Recent commentary from IT audit and risk practitioners reflected across ISACA discussions and AuditBoard insights published this week reinforces a familiar but persistent challenge: many IT General Control (ITGC) failures stem from unclear ownership rather than flawed design.
This is particularly relevant for roles such as the IT Risk & Control Manager, where responsibility sits at the intersection of technology, governance, and operational execution.
In practice, organisations rarely lack documented controls. Instead, they struggle with ensuring that controls are consistently performed, evidenced, and owned by the right individuals.

The Ownership Gap in ITGC
Across recent audit findings, a recurring pattern emerges:
- Controls are defined centrally but executed locally
- Ownership is implied rather than formally assigned
- Accountability sits between IT, risk, and business teams
- Evidence is produced inconsistently or retrospectively
This creates what can be described as an "ownership gap" ~ a situation where everyone is involved, but no one is fully accountable.

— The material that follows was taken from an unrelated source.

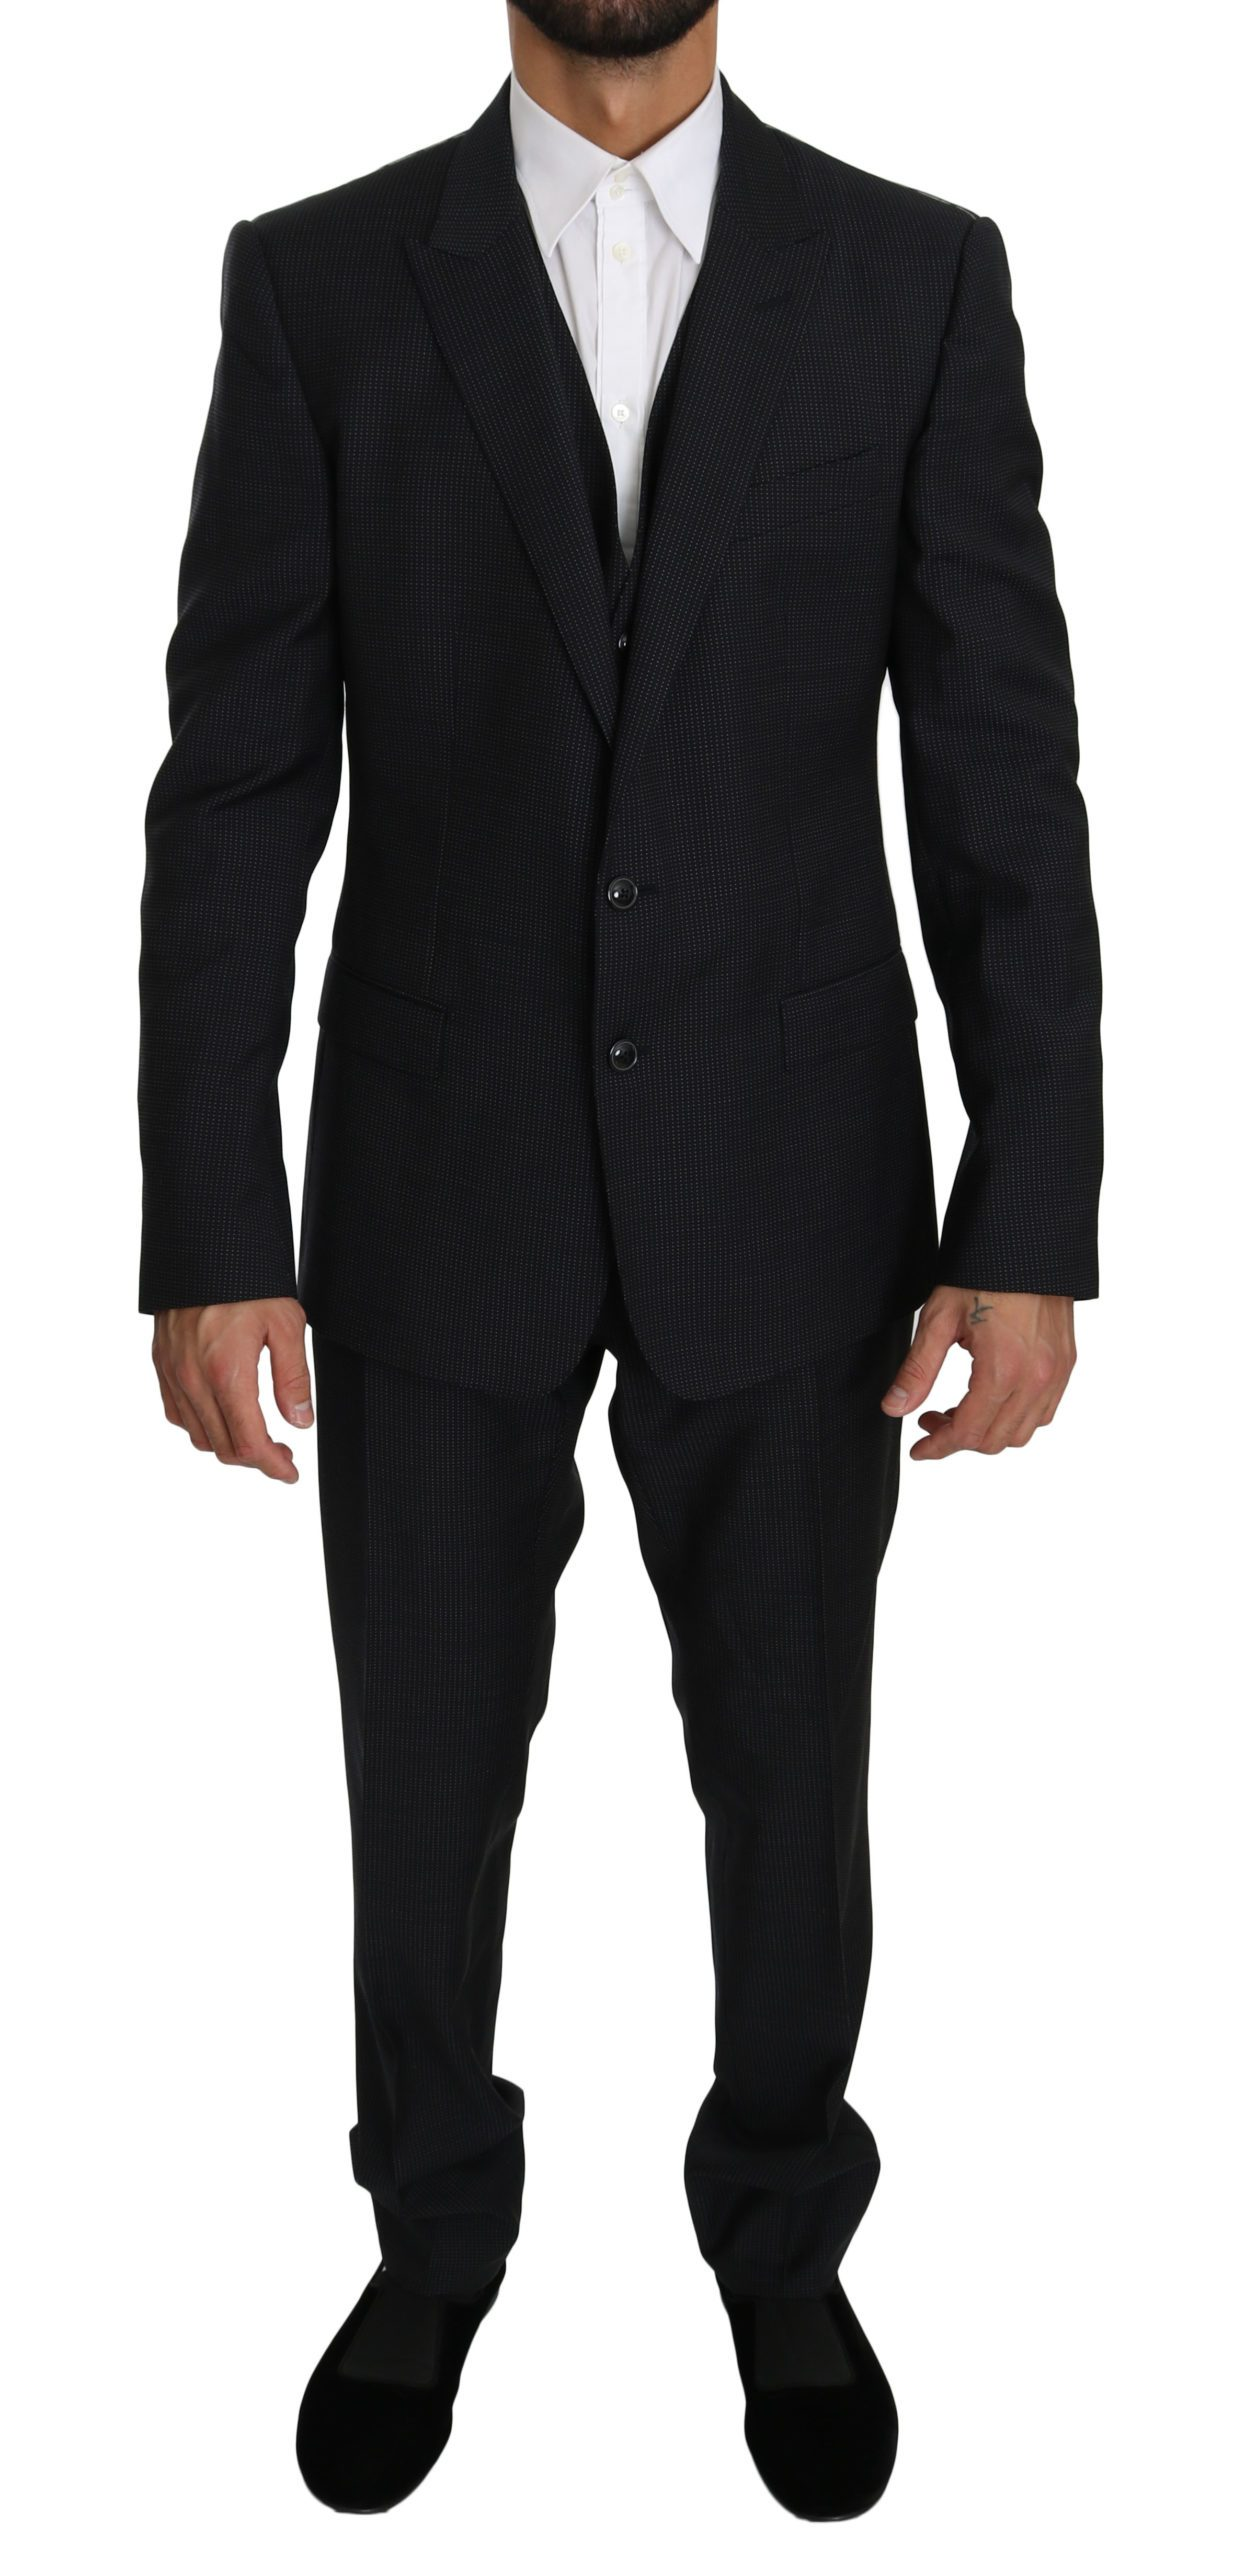 Dolce & Gabbana Men's Single Breasted 3 Piece MARTINI Suit Black KOS1554 - IT52   XL

From an audit perspective, this results in:
- Control failures due to missed execution
- Weak or incomplete audit evidence
- Recurring findings across audit cycles
From a governance perspective, it signals a deeper issue: lack of clarity in the control operating model.
Why This Matters More in 2026
The importance of control ownership is increasing due to the changing nature of technology environments.
Modern organisations operate across:
- Hybrid and multi-cloud platforms
- Outsourced and third-party services
- Rapid change cycles through agile delivery
- Increasingly automated and AI-driven processes
In this environment, controls are no longer static, they are distributed across systems, teams, and vendors.
This makes ownership more complex and also more critical.
Without clear accountability:
Access controls may not be reviewed consistently
Change approvals may be bypassed or poorly evidenced
Vendor controls may not be validated
Risk monitoring may become reactive rather than proactive
For regulated organisations, this directly impacts SOX compliance, operational resilience, and audit outcomes.
Alignment to the IT Risk & Control Manager Role
The SSE IT Risk & Control Manager role reflects this shift in expectations.
Modern roles in this space are not purely oversight-based, they are responsible for:
- Defining and embedding control frameworks across technology environments
- Ensuring clear ownership and accountability for controls
- Coordinating between IT, business, and audit functions
- Driving control testing, monitoring, and continuous improvement
- Supporting regulatory and audit readiness
In effect, the role acts as the central point of accountability for the control environment, ensuring that frameworks translate into real-world execution.
From Control Design to Control Discipline
A key takeaway from recent insights is that organisations must shift focus from:
"Do we have the right controls?"
to
"Are our controls consistently owned and executed?"
This requires:
- Clear RACI models for all key ITGC controls
- Defined ownership at both control and process levels
- Regular validation of control performance and evidence quality
- Strong coordination between risk, audit, and operational teams
Importantly, ownership should not sit solely within IT. Many controls require joint accountability, particularly in financial reporting and regulatory environments.
Practical Actions for Organisations
To strengthen control ownership, organisations should consider:
- Implementing formal control ownership frameworks with named individuals
- Embedding ownership into performance and governance structures
- Enhancing control monitoring and reporting for leadership visibility
- Using tooling to support workflow tracking and evidence capture
- Ensuring ownership extends to third-party and cloud environments
These actions help move ITGC from a theoretical framework to a disciplined operating model.
Closing Perspective
The latest practitioner insights reinforce a simple but critical point: control effectiveness depends on accountability.
For organisations, and for roles such as IT Risk & Control Manager, the priority is not just defining controls, but ensuring they are clearly owned, consistently executed, and fully evidenced.
In an increasingly complex technology landscape, strong control ownership is no longer a detail, it is a foundation of effective governance and assurance.